WHAT NEEDS TO BE DONE - Copy out the full listing exactly, omitting any picture it contains.

DATA BELOW -

=== Section Start ===

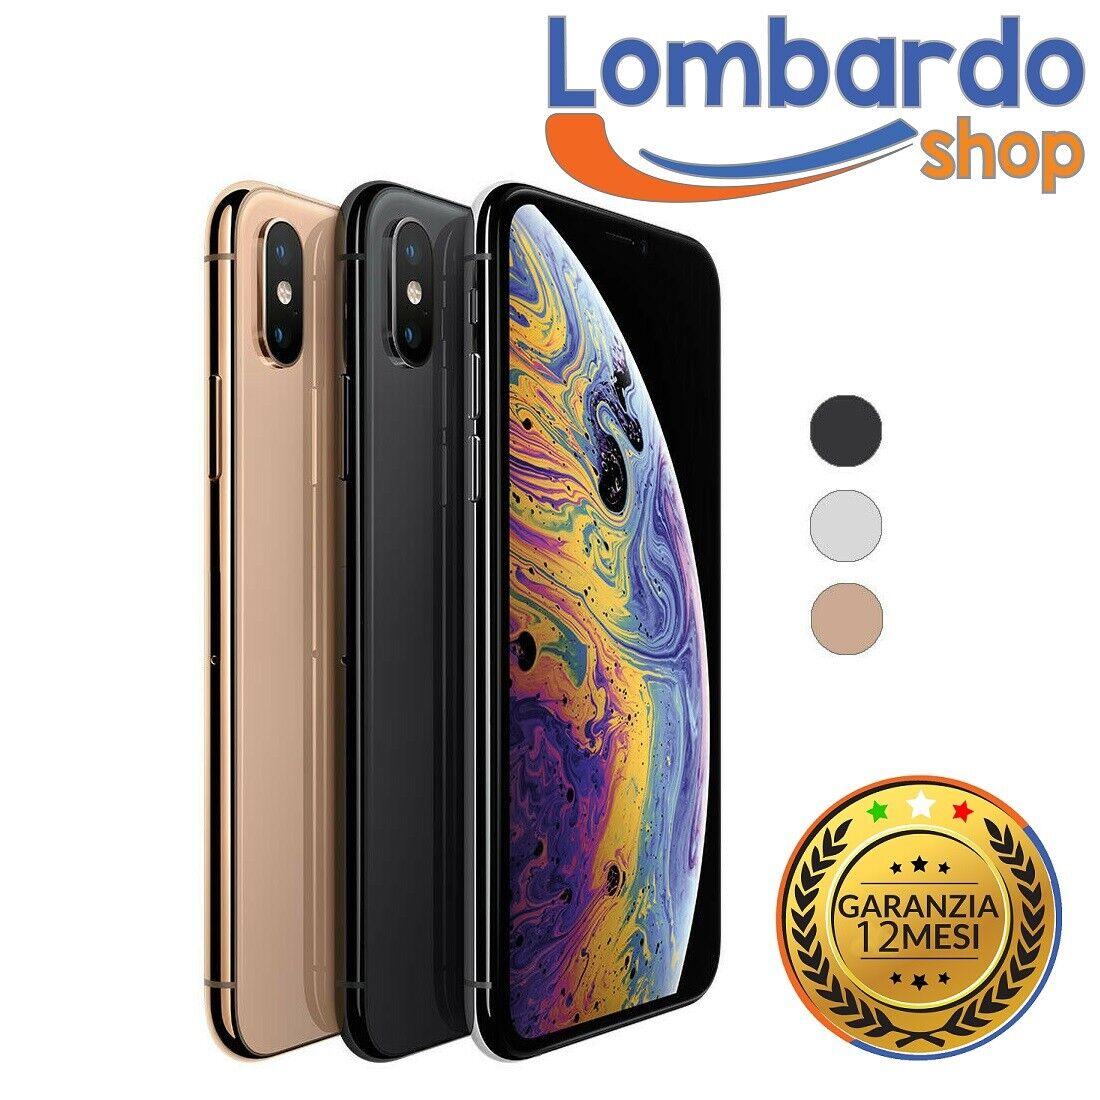 iPhone: IPHONE XS RICONDIZIONATO 64GB GRADO B BIANCO NERO ORO APPLE RIGENERATO ORIGINALE
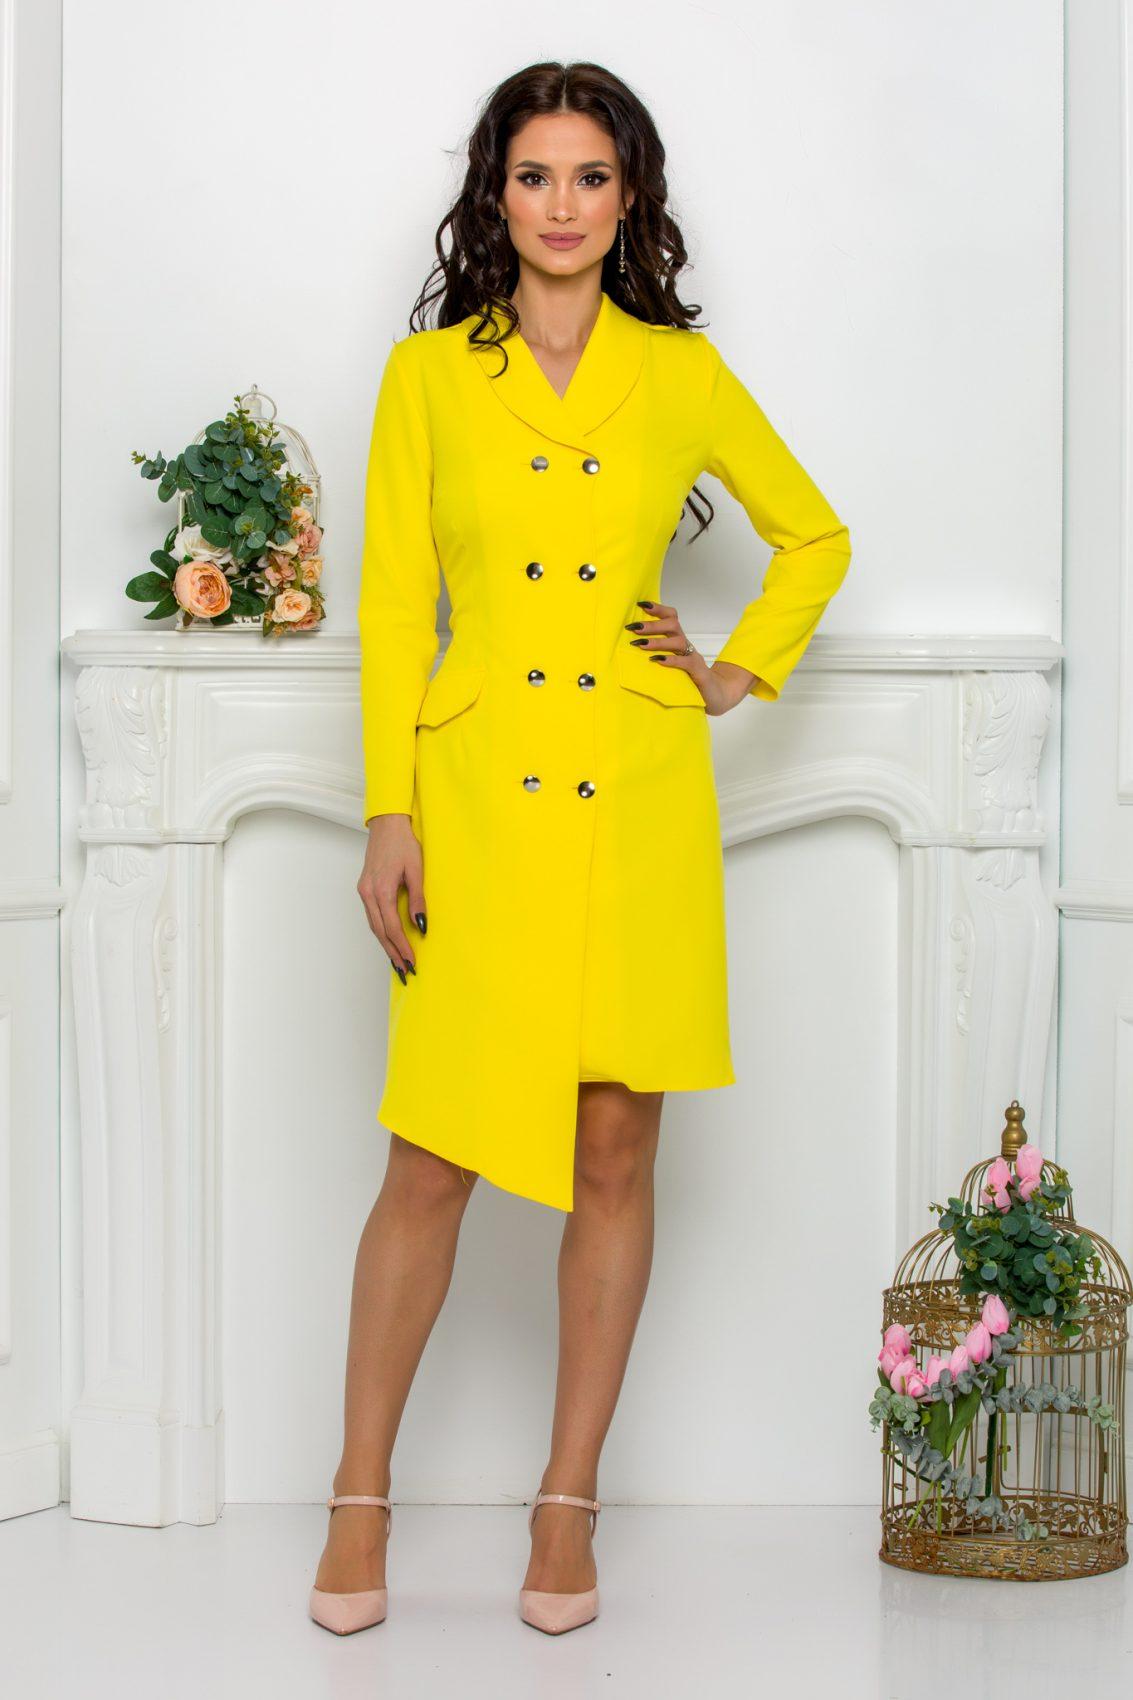 Κίτρινο Φόρεμα Με Κουμπιά Yndira 9634 1
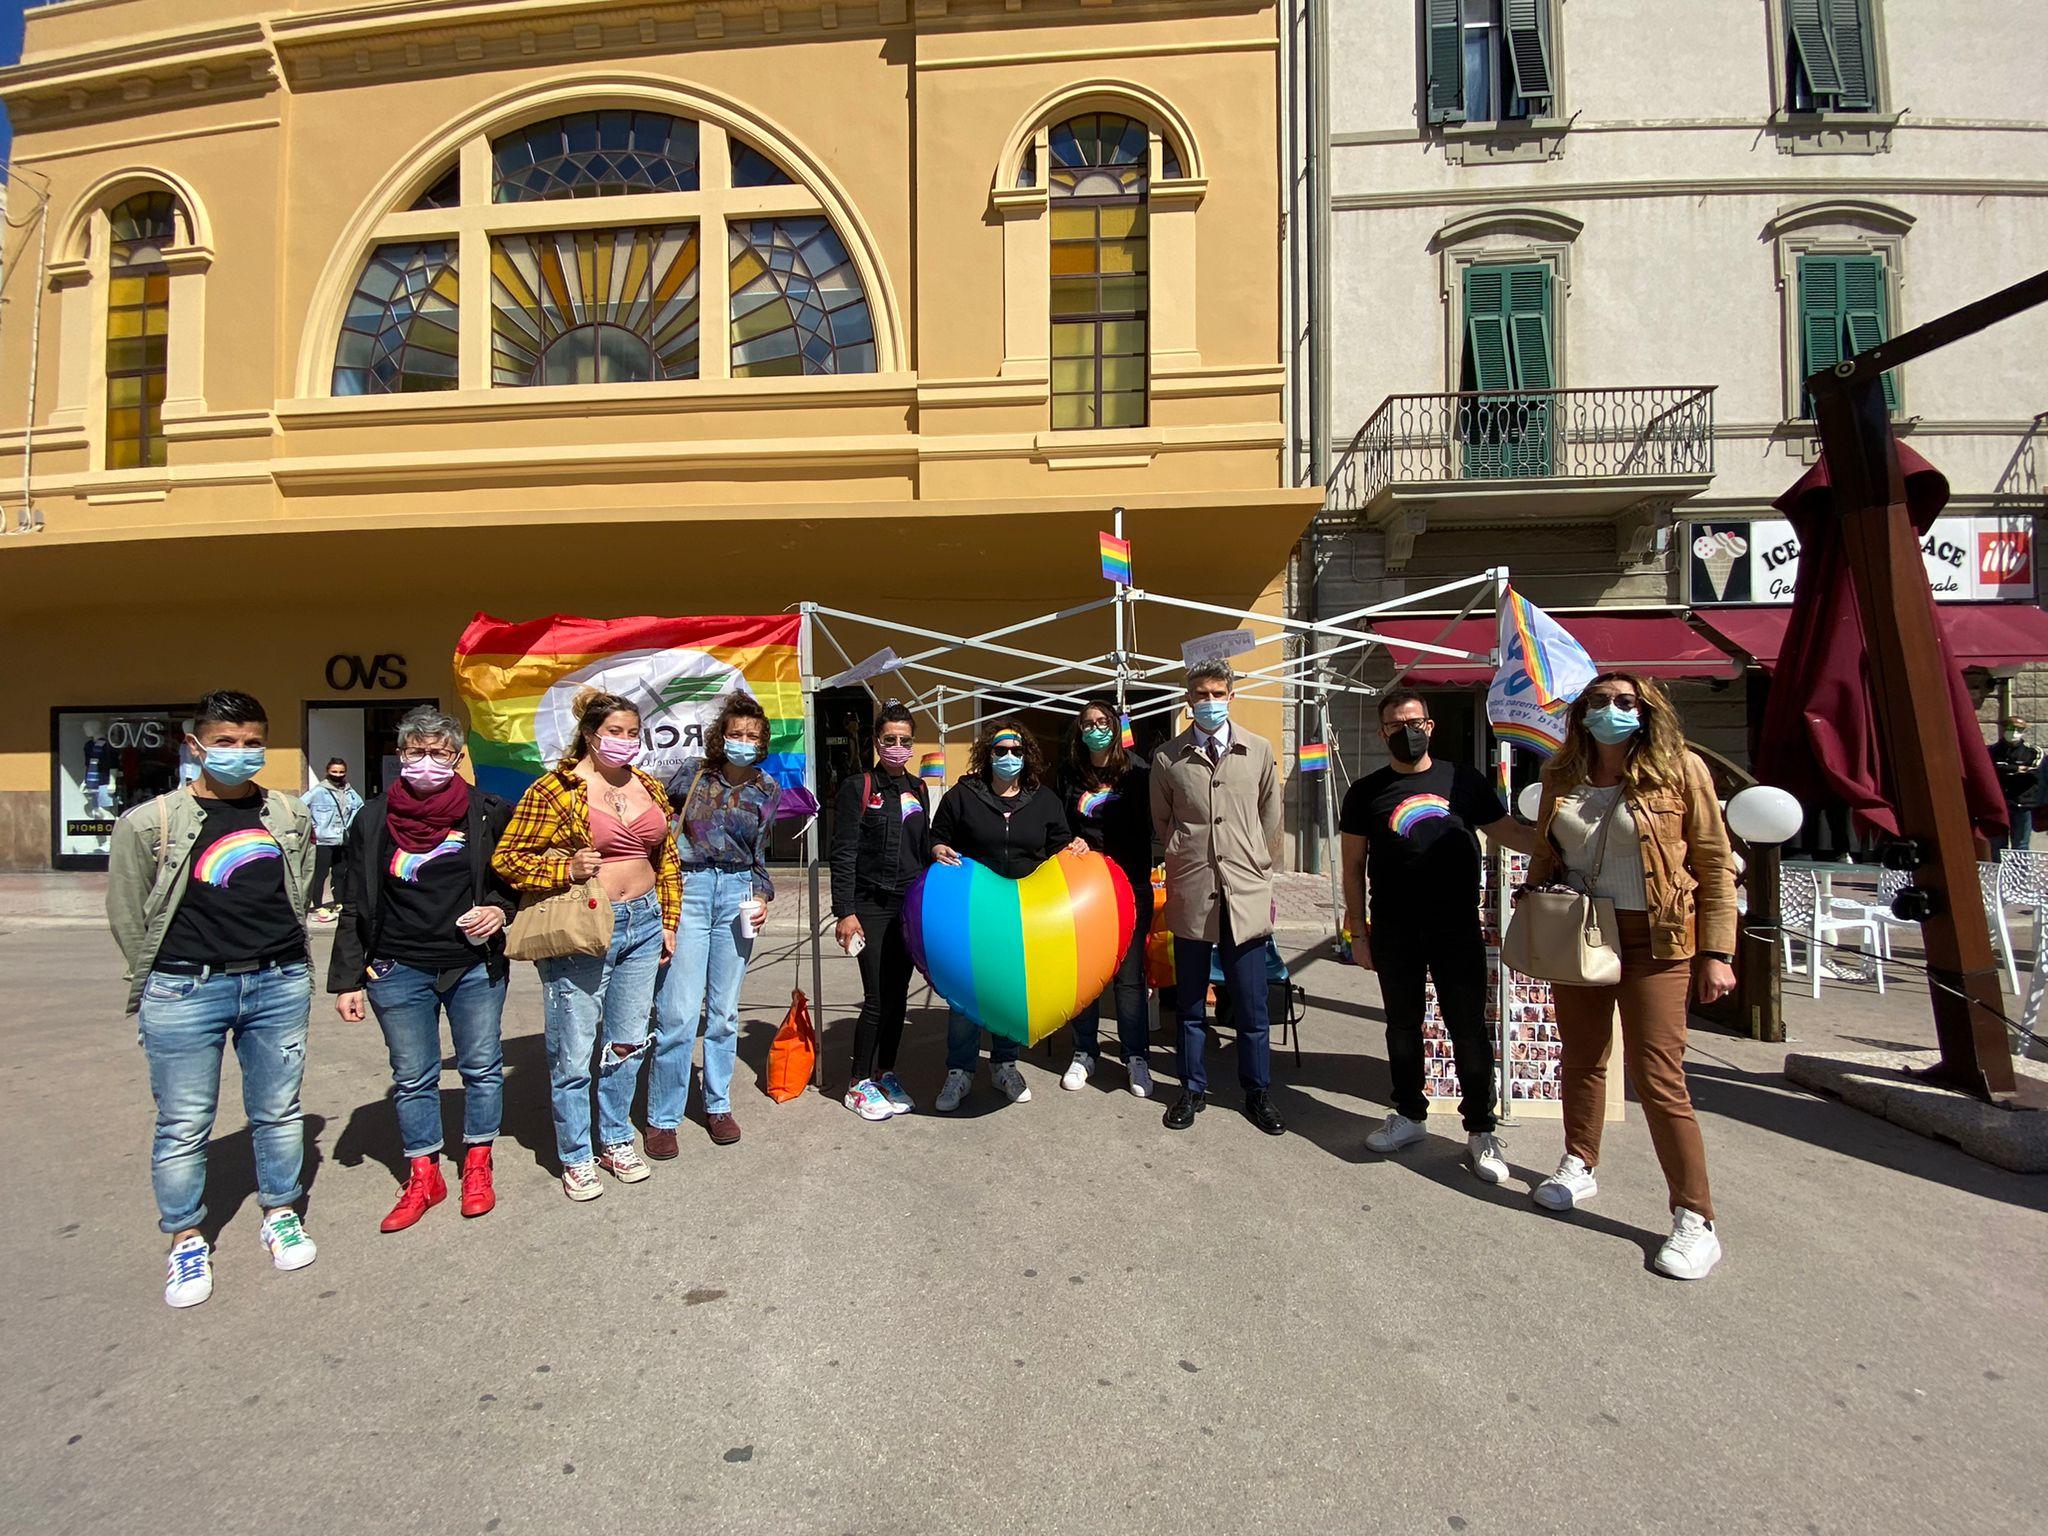 """GIORNATA INTERNAZIONALE CONTRO L'OMOFOBIA, FERRARI: """"I DIRITTI CIVILI NON HANNO COLORE POLITICO"""""""

=== Section End ===

TASK SOLUTION -
 iPhone: IPHONE XS RICONDIZIONATO 64GB GRADO B BIANCO NERO ORO APPLE RIGENERATO ORIGINALE
 Κίτρινο Φόρεμα Με Κουμπιά Yndira 9634 1
 """GIORNATA INTERNAZIONALE CONTRO L'OMOFOBIA, FERRARI: """"I DIRITTI CIVILI NON HANNO COLORE POLITICO"""""""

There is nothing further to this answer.